Stay Ahead of the Automation Curve with an LMS
Change in the workplace could be the result of quite a few factors: updated company goals & strategies, the onboarding of new colleagues/leaders, or the need for more training. Most employees understand that in the modern workplace, technological change happens continually. But the rise of automation is a phenomenon that we should be paying attention to today.
Here are some recent stats about automation, courtesy of the Society for Human Resource Management (SHRM):
- Business leaders expect that 17 percent of work will be automated by 2020, according to the 2017 Global Future of Work Survey report from Willis Towers Watson. That’s up from about 9 percent of work that was being done using robotic and artificial intelligence last year and 5 percent three years ago.
- About half the company leaders surveyed said they will require fewer employees by 2020 because of automation, compared with just over a quarter who said that was the case in 2017.
- One of the more dire long-term forecasts says that over the next two decades, 47 percent of U.S. jobs could be lost to automation. The 2013 study by Oxford University researchers Carl Benedikt Frey and Michael Osborne concluded that China and India are expected to lose 77 percent and 69 percent of their jobs, respectively.

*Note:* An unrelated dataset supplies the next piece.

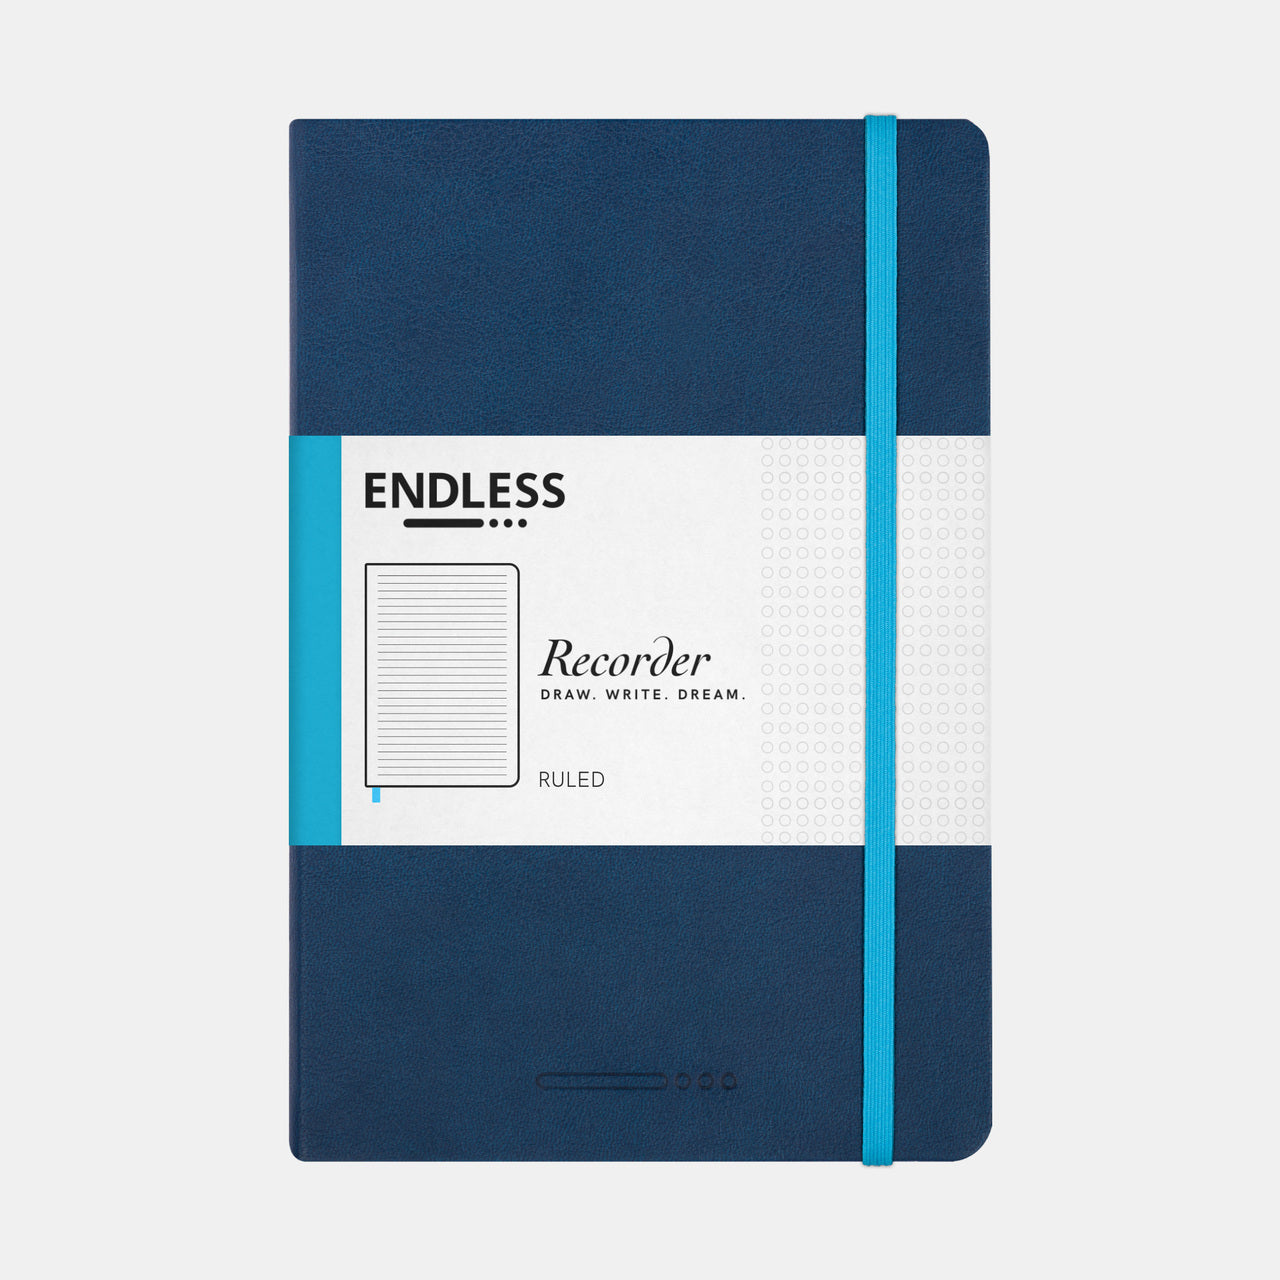 Endless Recorder A5 Journal- Blue Cover.

Making an effort to ease the transitions employees are likely to witness due to automation is crucial to getting an organization back on track and get its team players working productively and confidently. If you are considering an LMS to get your team on board, consider these tips for taking workers’ needs into account:
Preparation and Communication
Executives implementing any kind of divergence from a regular process (or a nonexistent process) should be able to communicate why there was a need for a change and also how it could potentially affect members of the company. Clear and honest discussions are encouraged so expectations are understood at the beginning of the process.
Input and Autonomy
A worker with autonomy during a difficult change is the most effective and open. To increase employee engagement, morale and motivation, giving your staff more discretion over how they can complete learnings within the LMS can be a useful tactic. They feel free to communicate their ideas and offer their own innovative solutions, which will benefit an organization in the long run. An employee who bears more responsibility and ownership of his or her work will work harder and smarter, investing more energy and interest in the responsibilities. This helps to solidify loyalty to an organization when the employee feels his or her contributions are heard, acknowledged and making a positive impact.
Acknowledgement of Effort
Rewards and accolades can help seal the deal! LMS usage, paired with positive feedback and reassurance that the change is relevant and helpful, can make new goals attainable for learners.
Finally, don’t forget to train your employees on the use of the LMS. Providing sufficient, ongoing training is critical for keeping your employees engaged — and for getting buy-in for future rollouts. Workers do not want to have to relearn their jobs each time you introduce a new technology, so provide customized training which allows them to implement the new solution into existing workflow with as little inconvenience as possible.